**What you will do:**
Produce a word-for-word copy of the data that follows, excluding images.
____ Data block
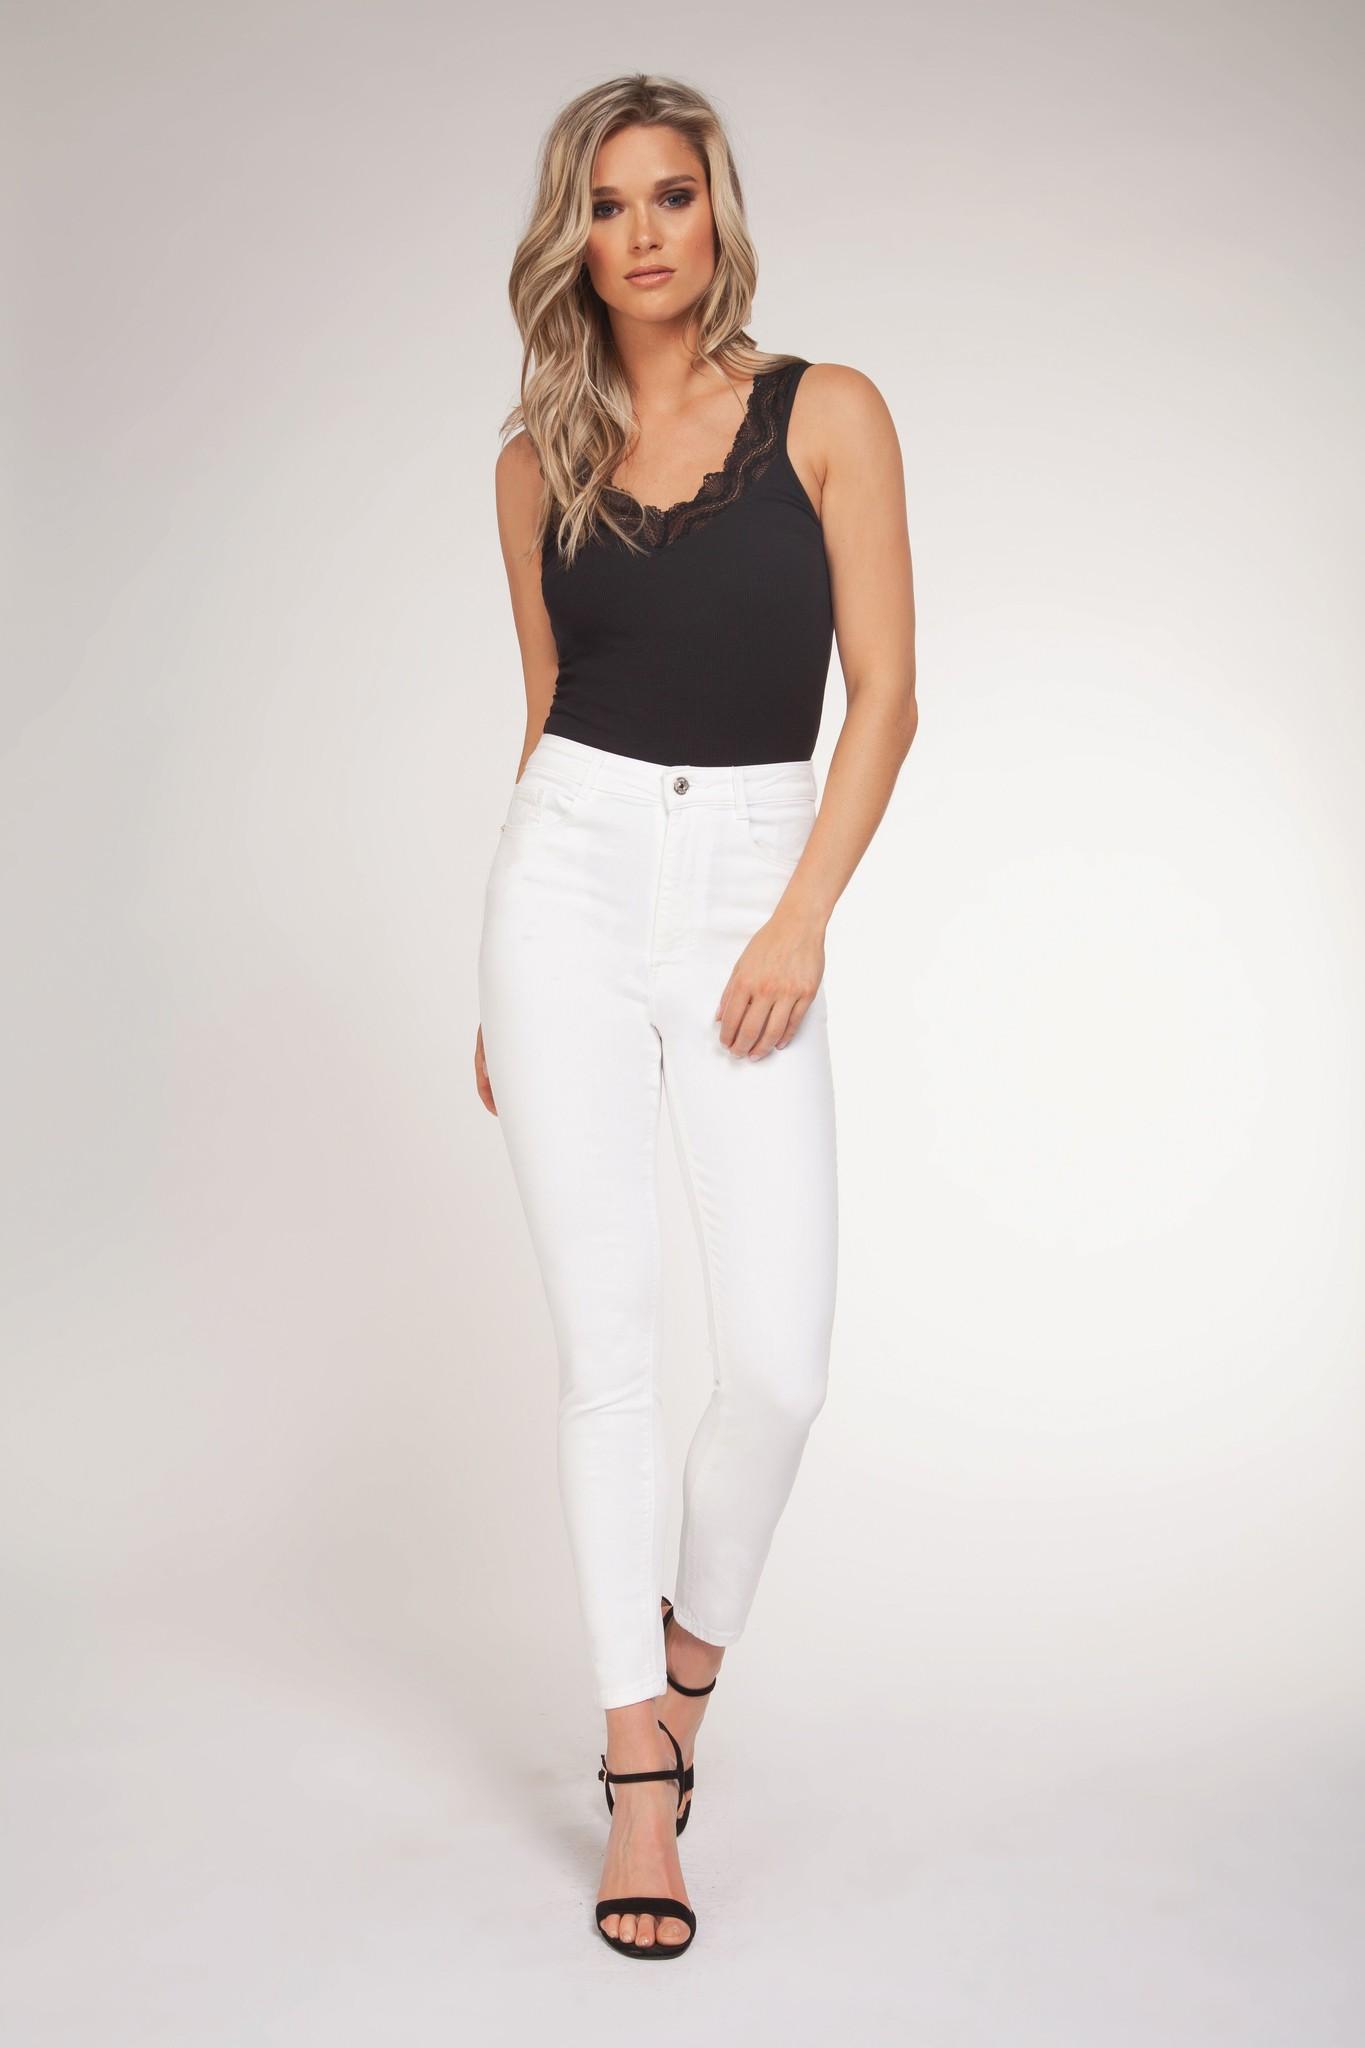 Lace Trim Bodysuit BLK-1
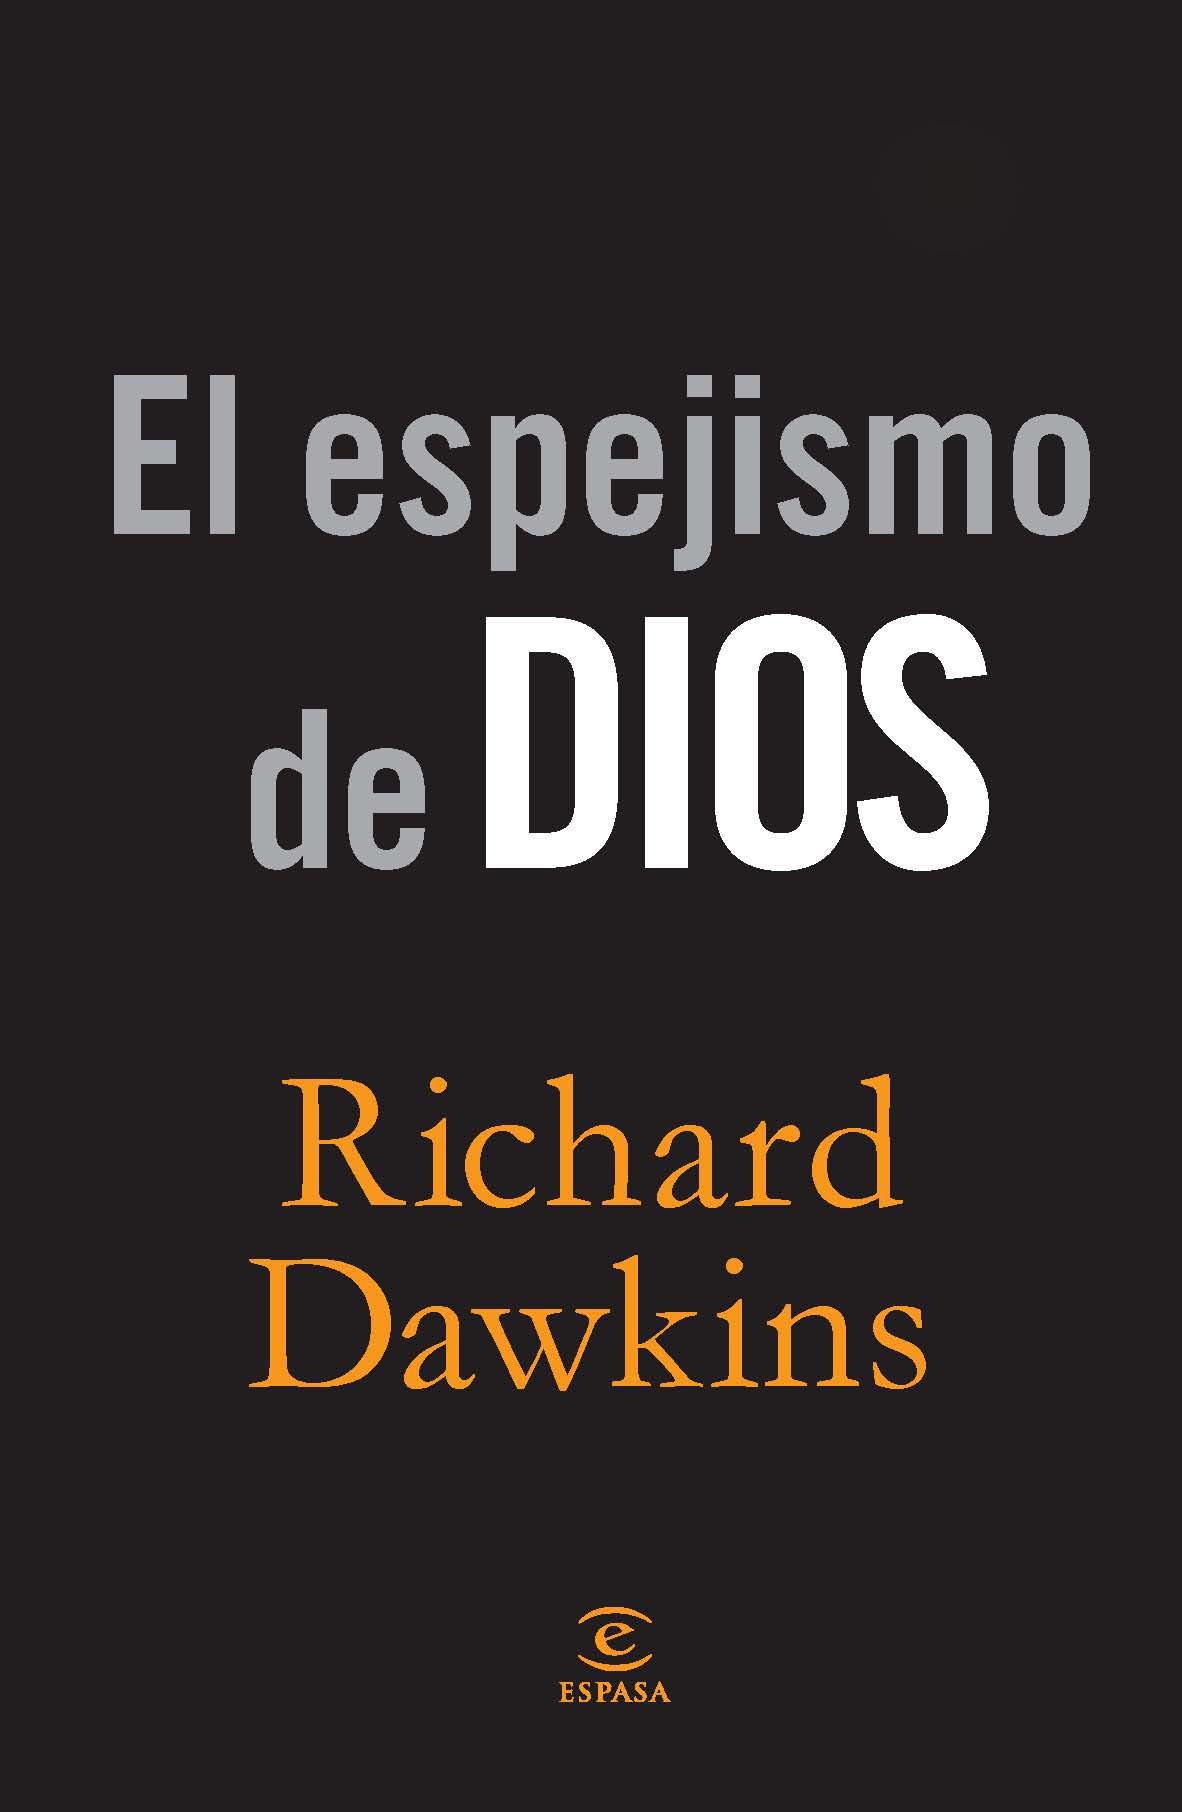 El espejismo de dios wikipedia la enciclopedia libre - El espejismo de dios ...
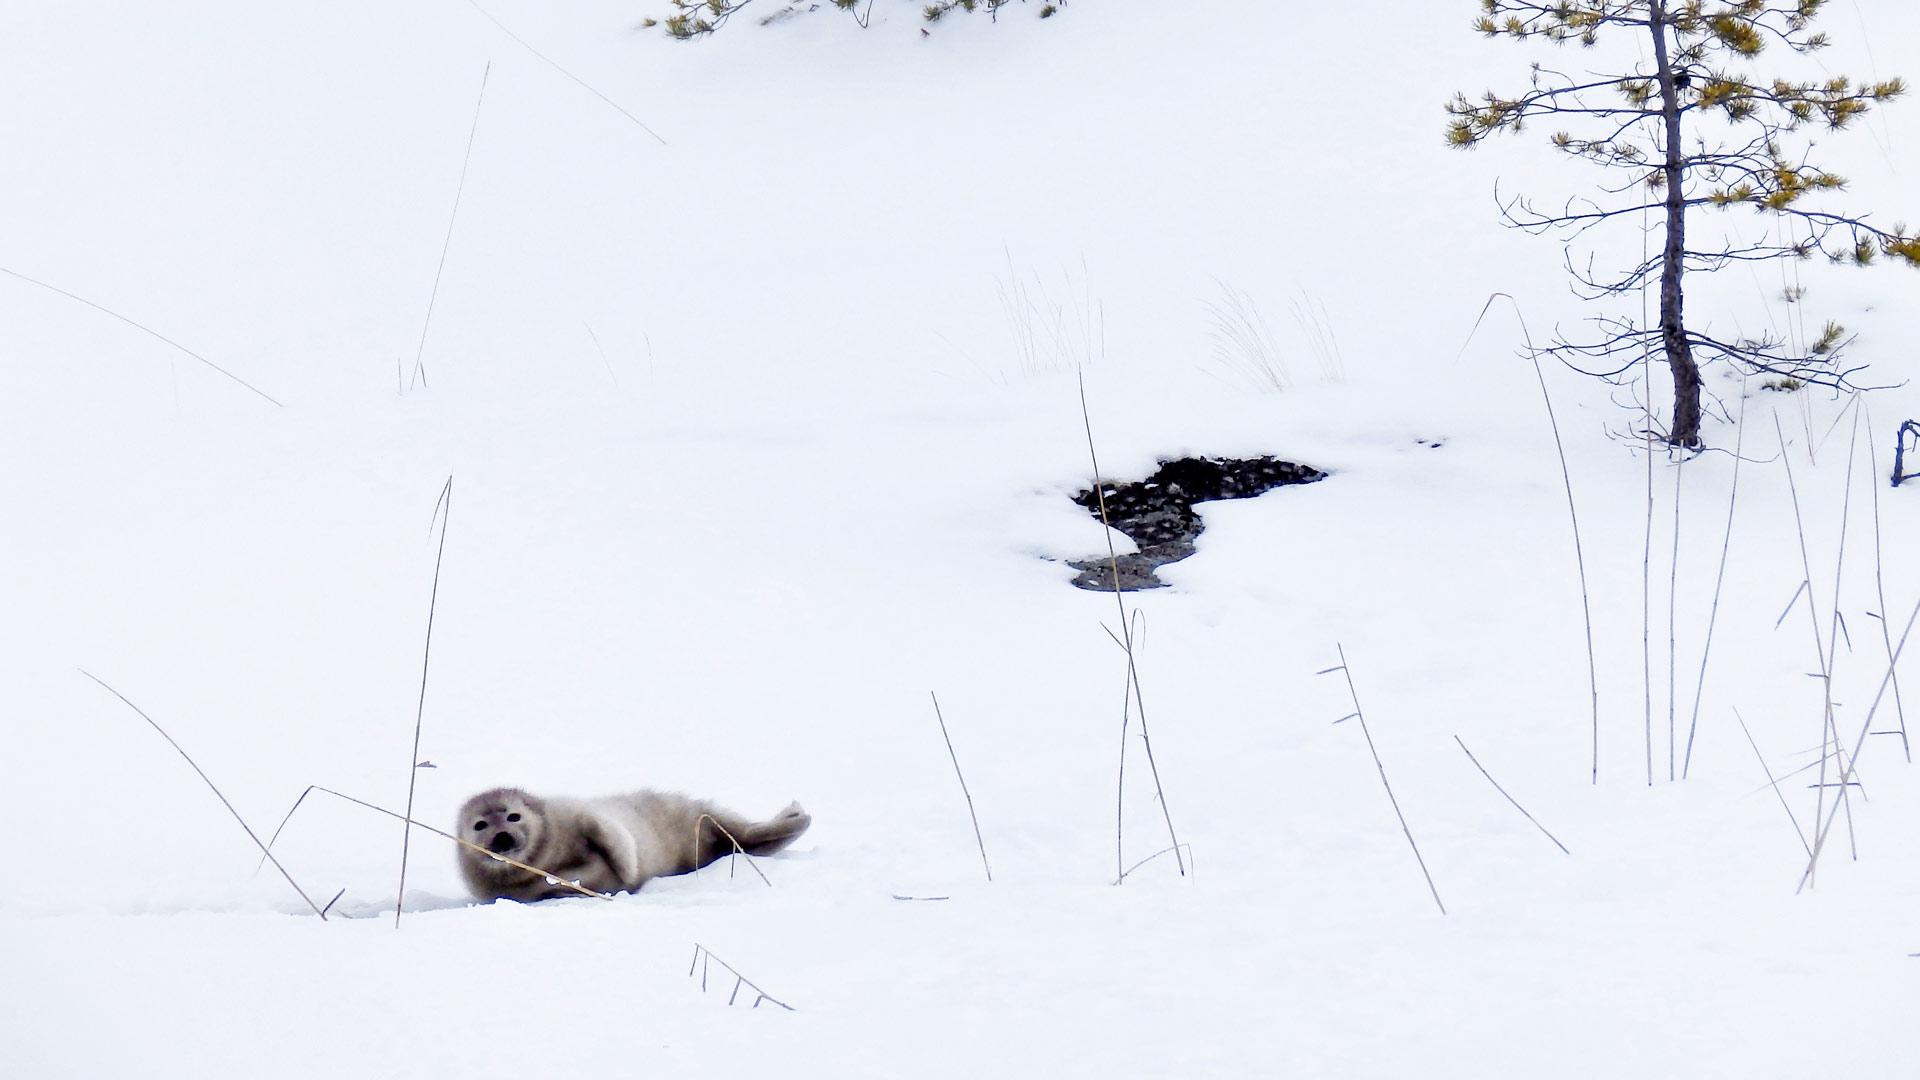 Kuutti liikkuu avantonsa ympäristössä kymmeniä metrejä päivässä. Kuva maaliskuulta 2016.
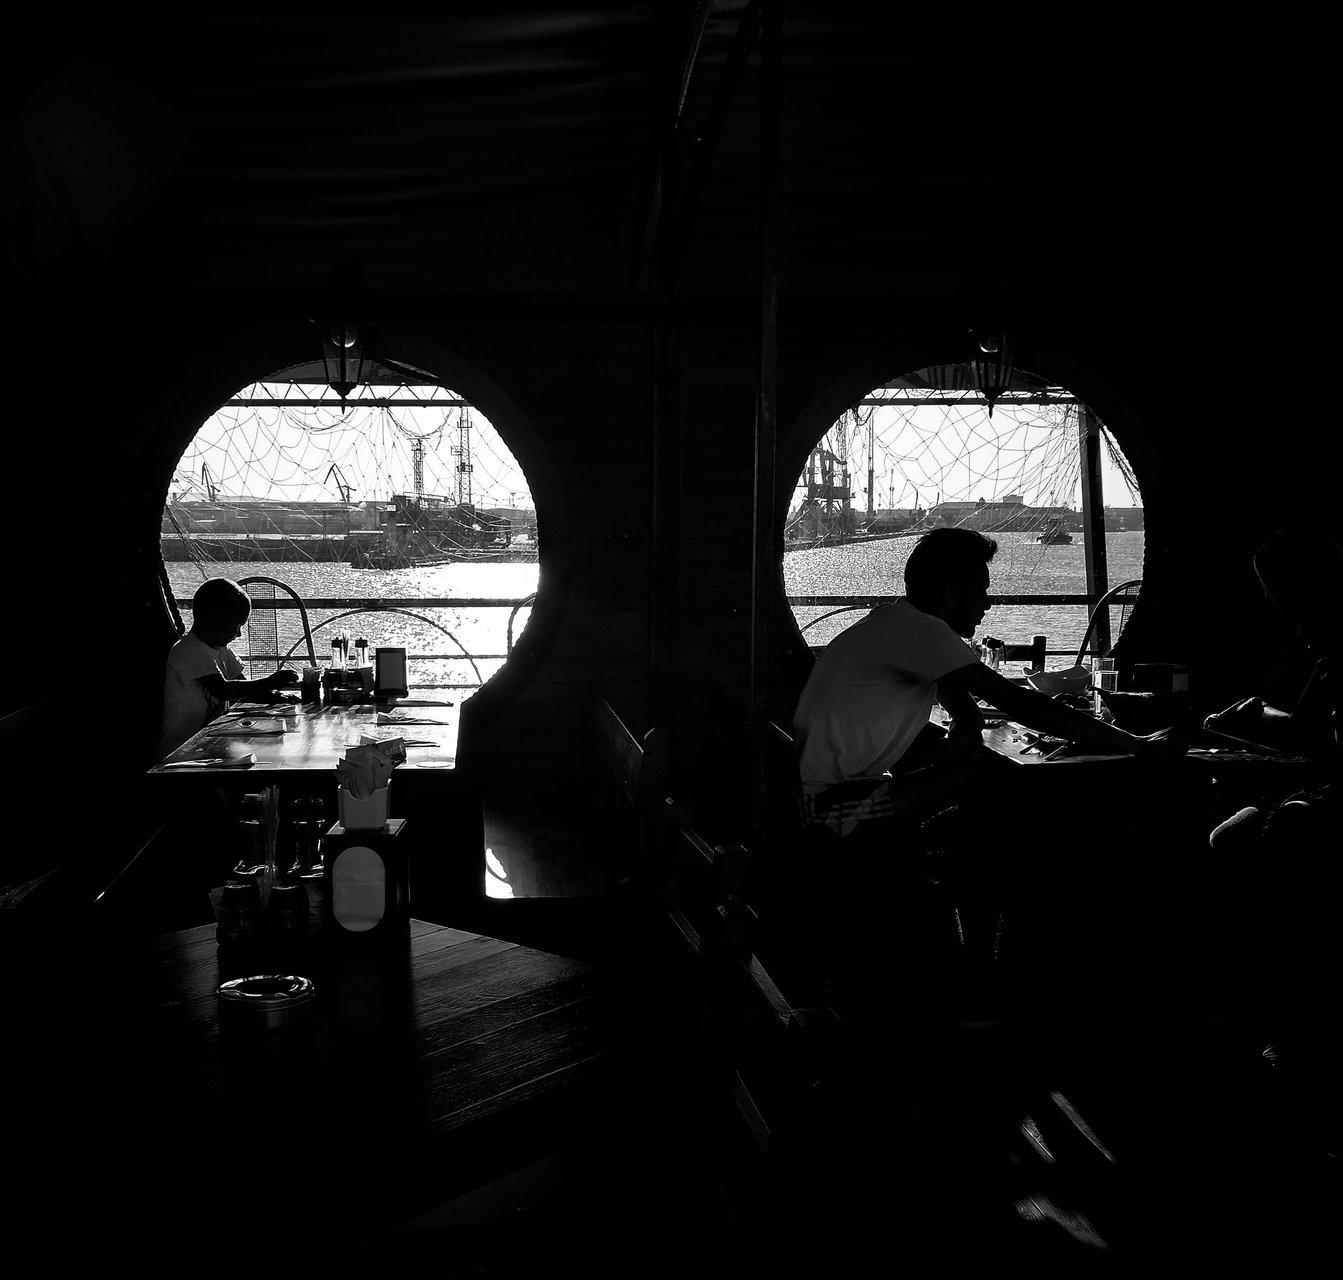 Море, лято, обикновен ден.. | Author Ekaтepuнa Огойcka - MireXa | PHOTO FORUM
________
**Written answer:**
 Lace Trim Bodysuit BLK-1
 El espejismo de dios wikipedia la enciclopedia libre - El espejismo de dios ...
 Kuutti liikkuu avantonsa ympäristössä kymmeniä metrejä päivässä. Kuva maaliskuulta 2016.
 Море, лято, обикновен ден.. | Author Ekaтepuнa Огойcka - MireXa | PHOTO FORUM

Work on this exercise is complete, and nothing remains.